We can also index arrays with other arrays of boolean type.
Boolean arrays can be the result of a boolean comparison in numpy.

In [None]:
a = np.eye(3)
b = ...
indexed_a = ...
print(indexed_a)

# boolean_operator
indexed_a = ...
print(indexed_a)


The complete reference for knowing about indexing arrays can be found in the docs:
- https://numpy.org/doc/stable/reference/arrays.indexing.html

## Other operations on arrays

There are other operations that can be used to transform arrays.

For example, we can transpose arrays, stack them vertically or horizontally, and perform standard operations (e.g., sums, multiplications, etc).

In [None]:
a = np.array([1, 2, 3])
b = np.array([4, 5, 6])
c = np.array([[1, 2, 3], [4, 5, 6]])

transpose = ...  # swaps rows and columns
print(transpose)

vertical_stack = ...  # stack rows (vertical stacking)
print(vertical_stack)

horizontal_stack = ... # stack columns (horizontal stacking)
print(horizontal_stack)

# element-wise operations
array_sum = ...
print(array_sum)

array_product = ...
print(array_product)

scalar_product = ...  # scalar product
print(scalar_product)

# inner dimensions must match for matrix operations
# 1x3 and 3x2 --> result is 1x2
scalar_product_with_matrix = ...
print(scalar_product_with_matrix)

## Exercise

Define a function `extract_subset(x, y, y0)` that takes as input:

- a 2D matrix `x`, and an array `y`
-  a target `y0` (e.g., `y0=0`)

and returns the matrix containing only rows where y is equal to the value of y0

In [None]:
x = np.array([
        [ 0.33990211,  0.94182274,  0.66611658,  0.72773846],
        [ 0.20281557,  0.24280422,  0.3627702,   0.80495032],
        [ 0.5016927,   0.29465024,  0.61690932,  0.25302243],
        [ 0.01744464,  0.82521145,  0.82226041,  0.89858553],
        [ 0.33772606,  0.17433791,  0.7705529,   0.11211808]
    ])

y = np.array([0, 0, 1, 1, 1])  # one value for each row of x

def extract_subset(x, y, y0):
    return ...

result = extract_subset(x, y, y0=0)
print(result)


## Handling data with Pandas

Pandas provides two types of classes for handling data:

* **Series**: a one-dimensional labeled array holding data of any type such as integers, strings, Python objects etc.
* **DataFrame**: a two-dimensional data structure that holds data like a two-dimension array or a table with rows and columns.

Creating a Series by passing a list of values makes pandas create a default RangeIndex to index the series.
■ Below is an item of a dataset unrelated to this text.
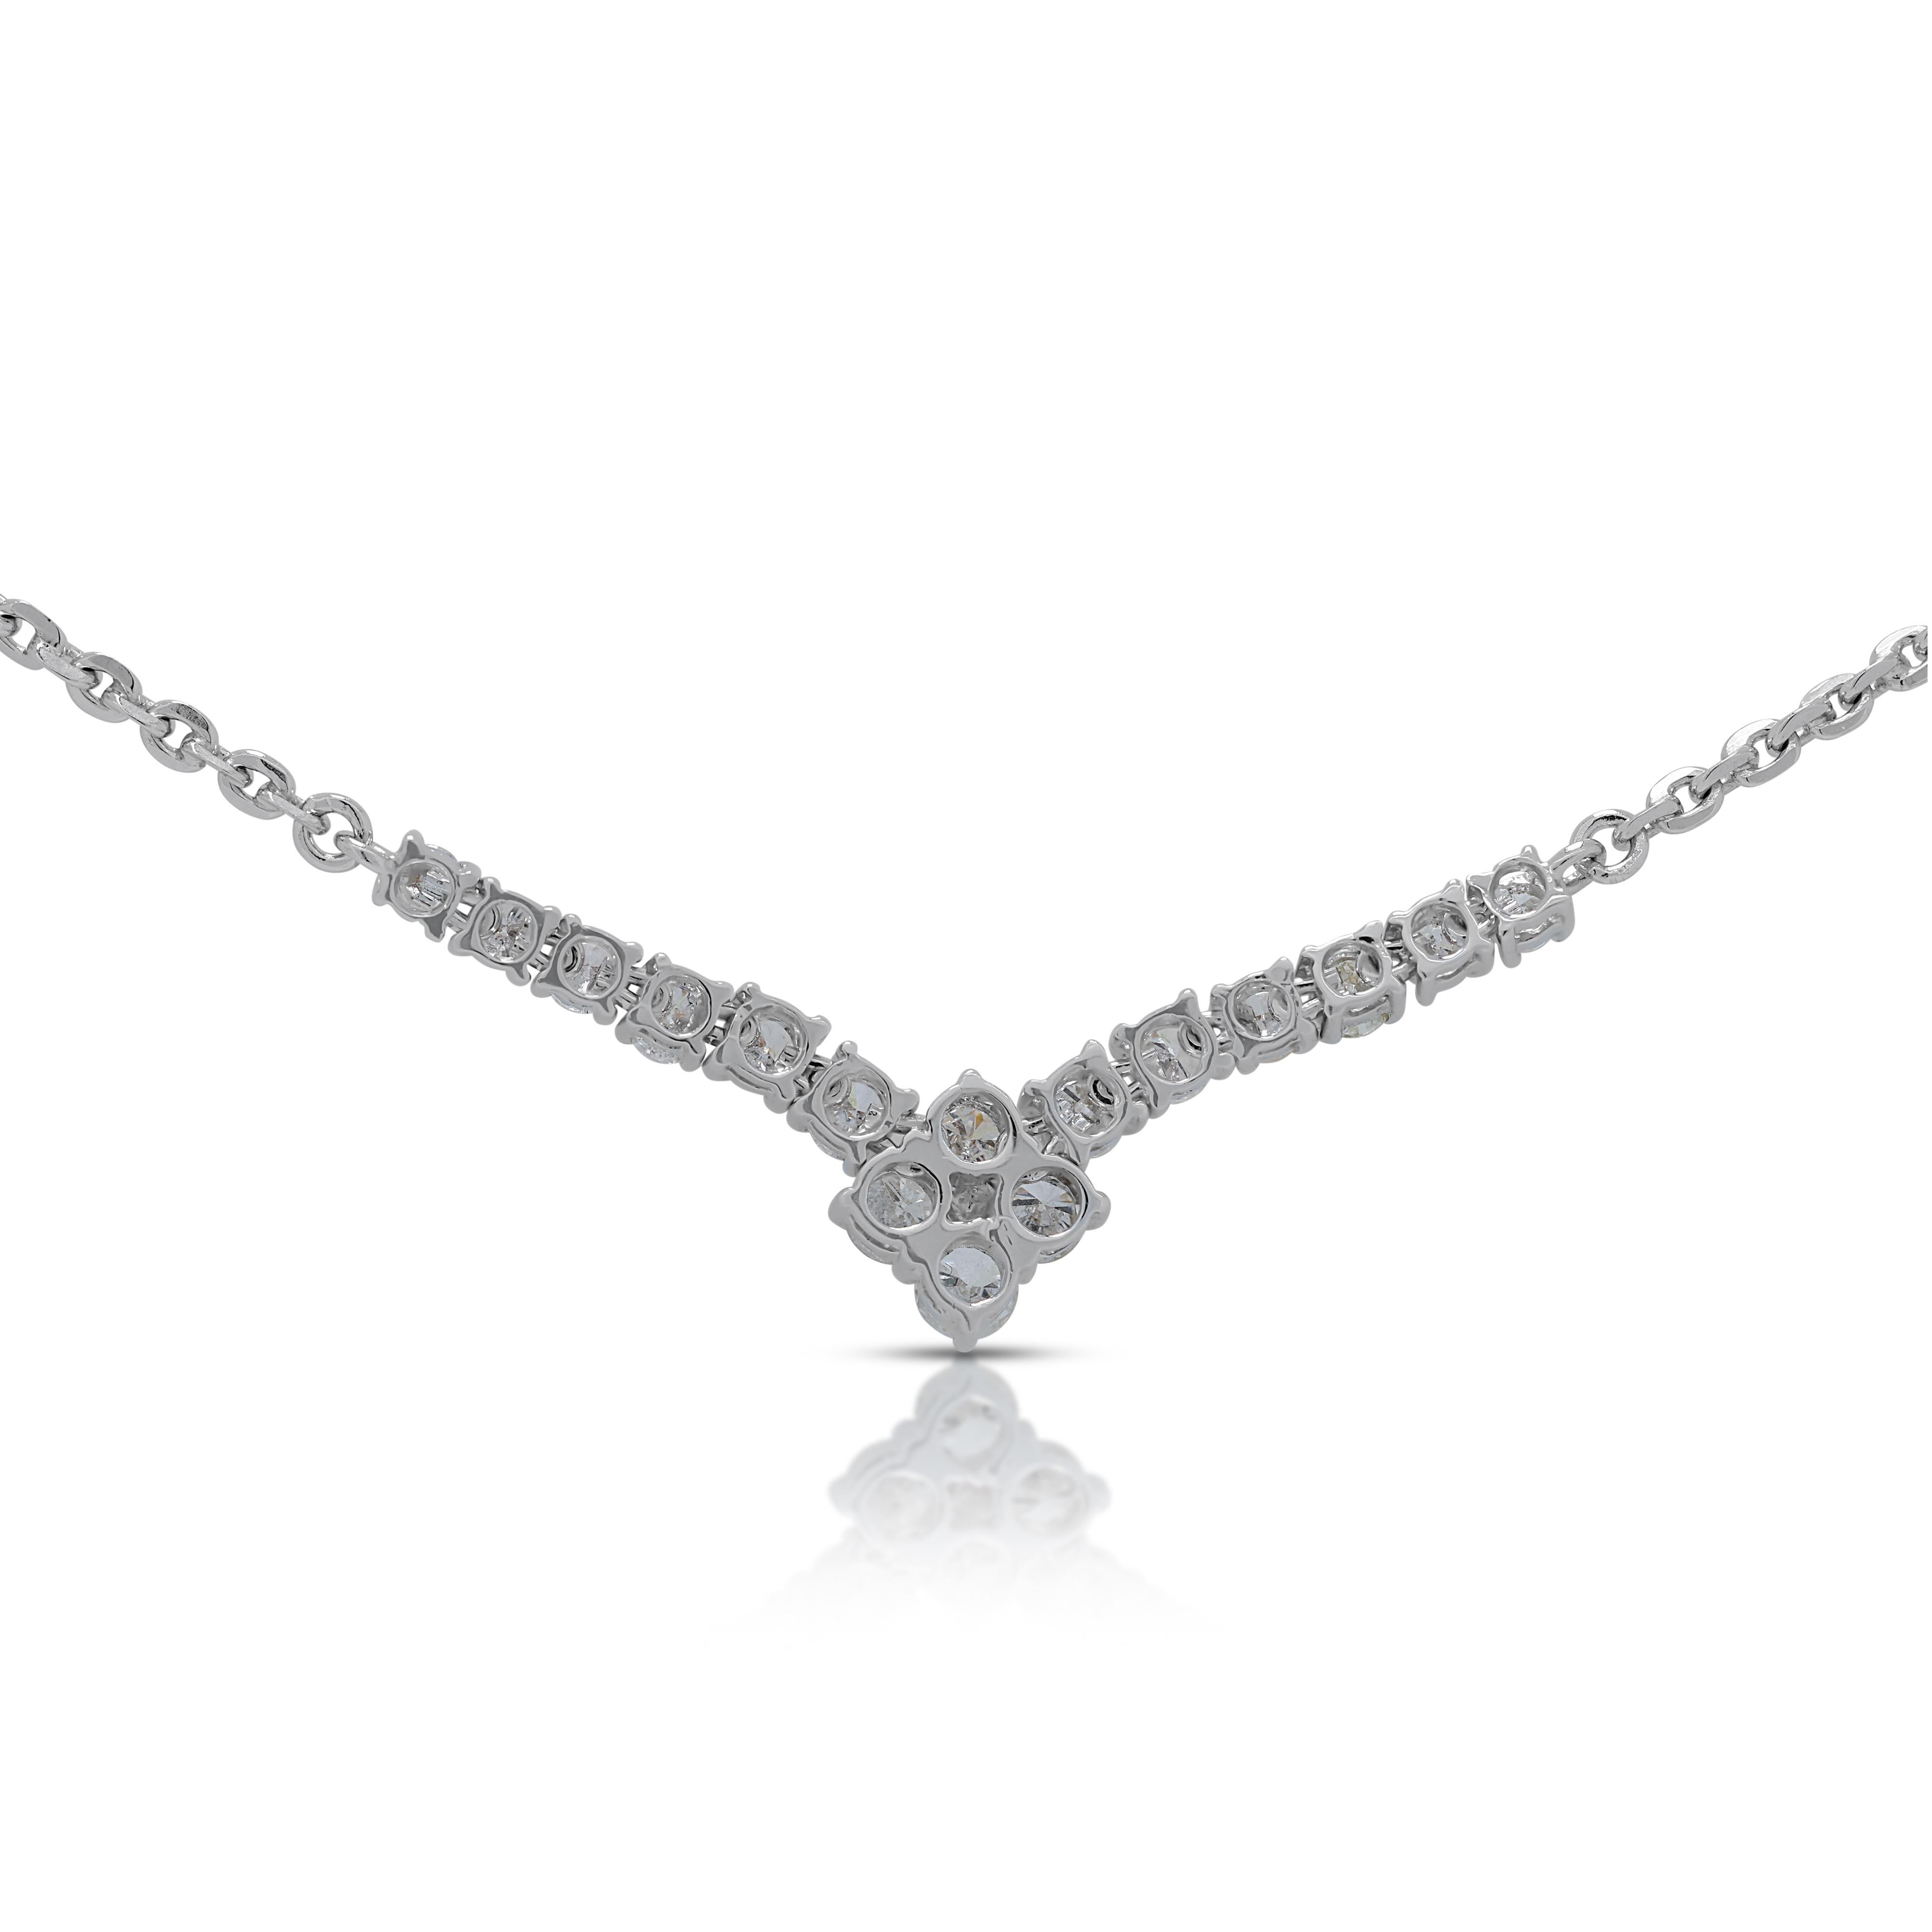 Exquisite 1.0ct Diamonds Necklace in 18K White Gold  For Sale 2

This is an array of indexes from 0 to the length of the series.


In [None]:
import pandas as pd

s = pd.Series([1, 3, 5, np.nan, 6, 8])
print(s)

Otherwise, we can create a DataFrame by passing a NumPy array. Optionally, we can specify explicitly the index to use. For example, we can create a datetime index using `date_range()`. Additionally, we can create named columns by passing the labels during creation:

In [None]:
dates = ...
data = ...
df = ...

print(df.head())  # prints only the first values

print(df.tail(3))  # prints only the last (three) values

Then, we can retrieve the index and the columns:

In [None]:
print(df.index)
print(df.columns)

To select elements from the dataframe, we can use the getitem operator (`[]`) like we do with numpy, but we can now also index columns.

In [None]:
column_a = ...  # extract the Series "a" from the df
print(column_a)

some_rows = ...  # extracts a sub-frame by the row index
print(some_rows)

sliced_by_index = ...  # extracts a sub-frame by the index values
print(sliced_by_index)

We can also represent the selection more explicitly by using the specific operators to access the elements by matching them from the label (`df.loc`) or by position (`df.iloc`).

In [None]:
by_label = ...
print(by_label)

by_position = ...
print(by_position)

Finally, we can slice through boolean arrays/series (like we did with numpy).

In [None]:
boolean_indexed = ...
print(boolean_indexed)

For the rest, the operations performed with numpy are in general applicable to the dataframes. There are more specific operations that we will not cover in this course, but you can find good examples in the documentation of the library.

Reference for Pandas tutorial:
* https://pandas.pydata.org/docs/user_guide/10min.html